What are the products of linear electron flow during the light reactions of photosynthesis?

Physics

1 answer:

Katena32 [7]3 years ago

7 0

Answer:

NADPH and ATP

Explanation:

In the clear stage the light that "hits" chlorophyll excites an electron to a higher energy level. In a series of reactions, energy is converted (throughout an electron transport process) into ATP and NADPH. Water breaks down in the process releasing oxygen as a secondary product of the reaction. ATP and NADPH are used to make the C-C bonds in the dark stage.

Photophosphorylation is the process of converting the energy of the electron excited by light into a pyrophosphate bond of an ADP molecule. This occurs when water electrons are excited by light in the presence of P680. The energy transfer is similar to the chemosmotic electron transport that occurs in the mitochondria.

Light energy causes the removal of an electron from a P680 molecule that is part of Photosystem II, the electron is transferred to an acceptor molecule (primary acceptor), and then passes downhill to Photosystem I through a conveyor chain of electrons The P680 requires an electron that is taken from the water by breaking it into H + ions and O-2 ions. These O-2 ions combine to form O2 that is released into the atmosphere.

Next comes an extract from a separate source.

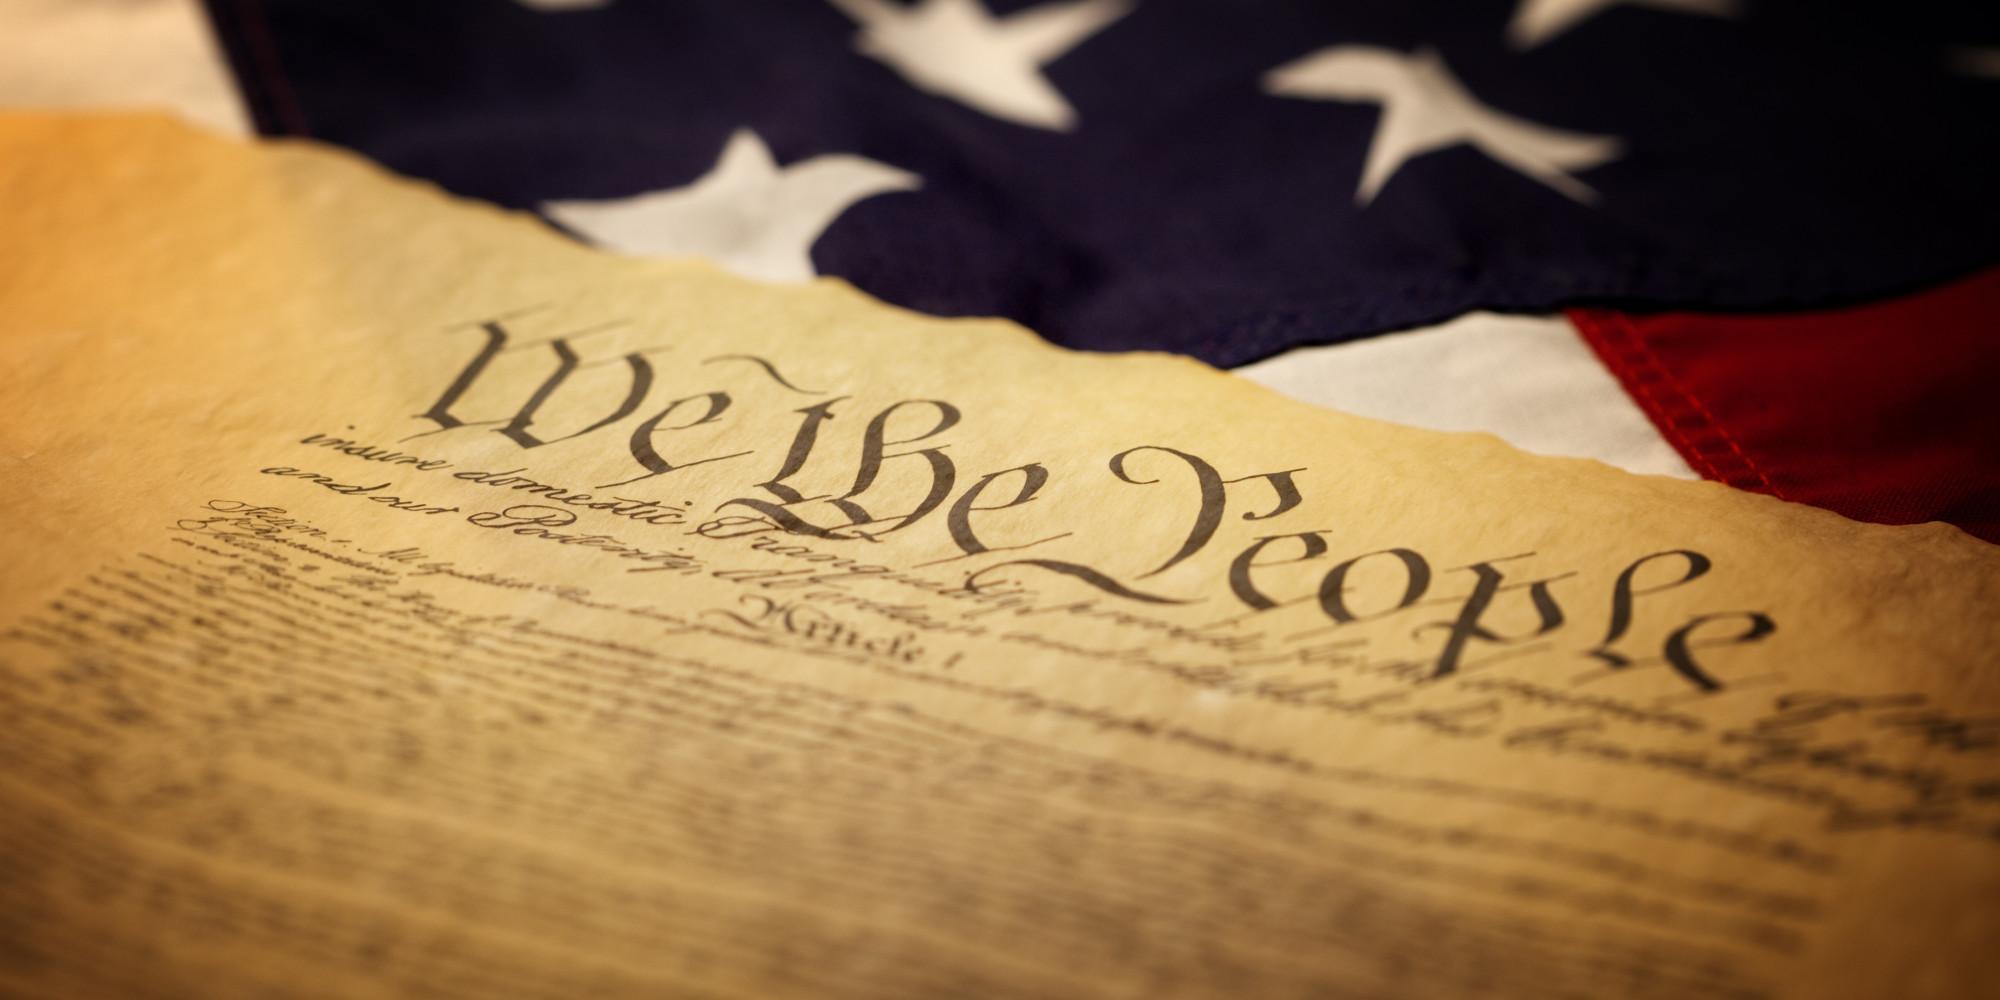 Teacher S Constitutional Warning John Dryden Informs

The light acts on the P700 molecule of Photosystem I, causing an electron to be raised to a higher potential. This electron is accepted by a primary acceptor (different from the one associated with Photosystem II).

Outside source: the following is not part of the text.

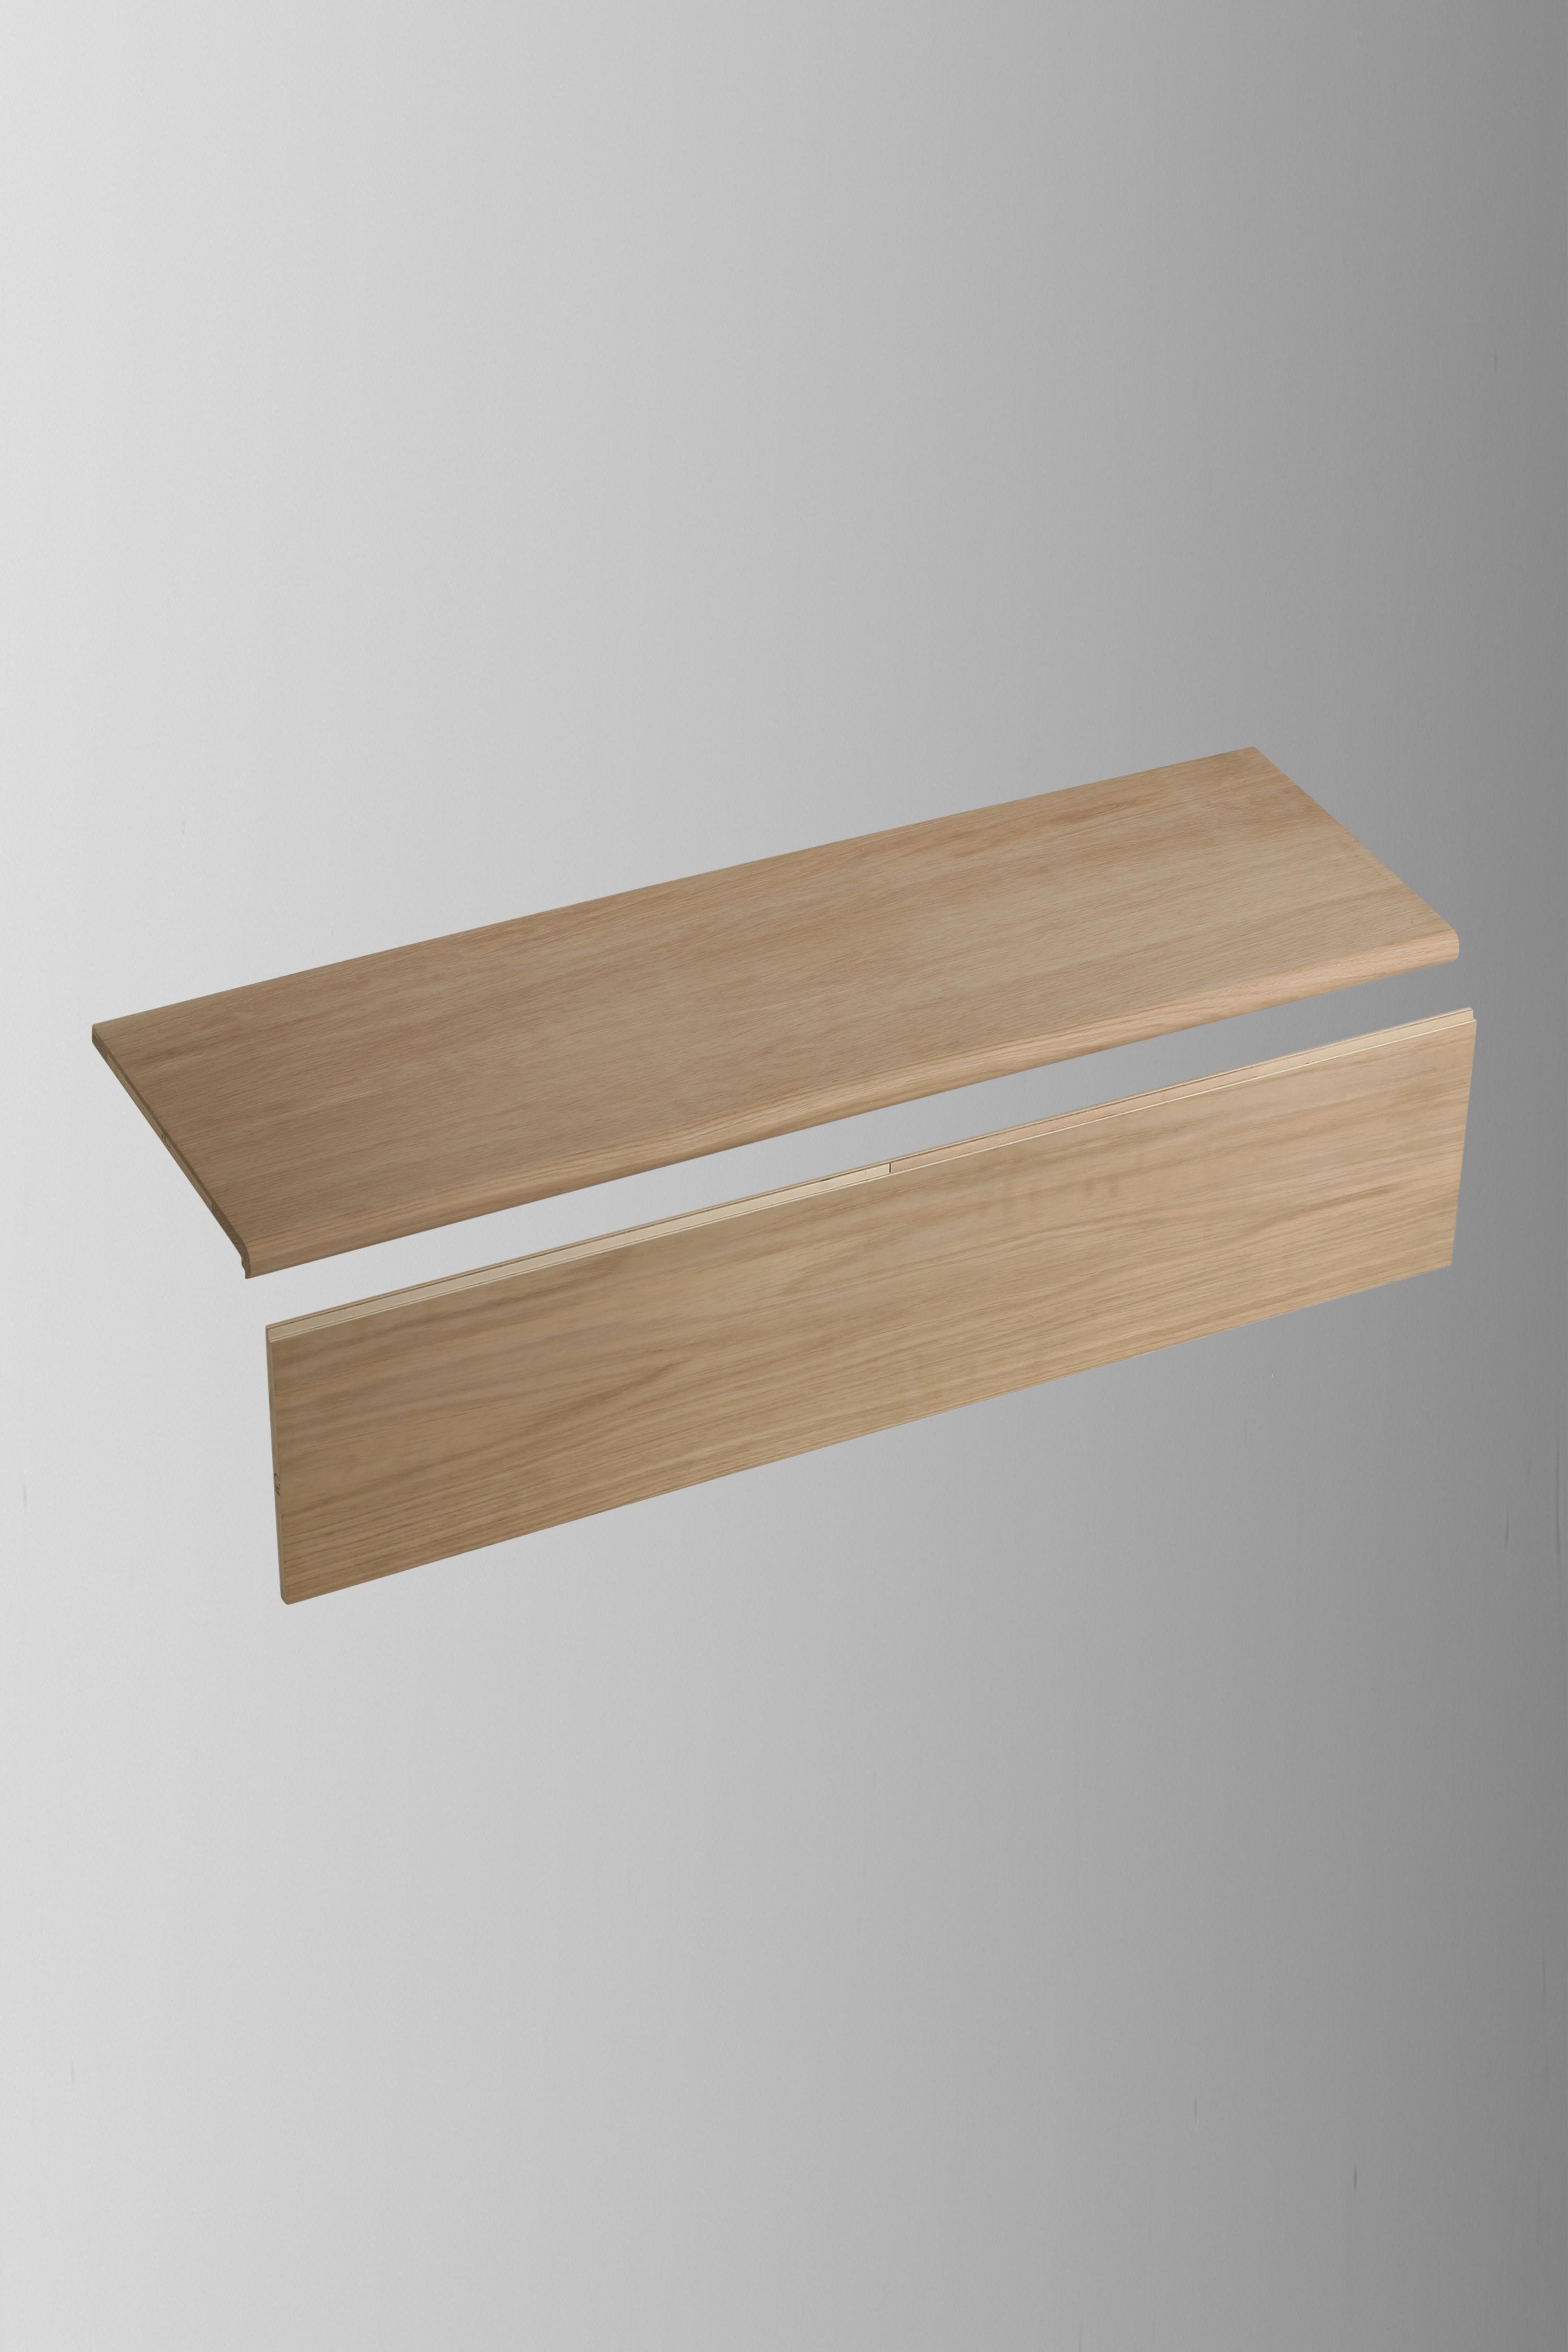 1500mm Stair Klad Oak Tread and Riser Set

The electron goes through a series of redox reactions again, and finally combines with NADP + and H + to form NADPH, a carrier of H needed in the independent phase of light.

Electron of photosystem II replaces the excited electron of the P700 molecule.

There is therefore a continuous flow of electrons (non-cyclic) from water to NADPH, which is used for carbon fixation.

Cyclic electron flow occurs in some eukaryotes and in photosynthetic bacteria. NADPH does not occur, only ATP. This also occurs when the cell requires additional ATP, or when there is no NADP + to reduce it to NADPH.

In Photosystem II, the "pumping" of H ions into the thylakoids (from the stroma of the chloroplast) and the conversion of ADP + P to ATP is motorized by an electron gradient established in the thylakoid membrane.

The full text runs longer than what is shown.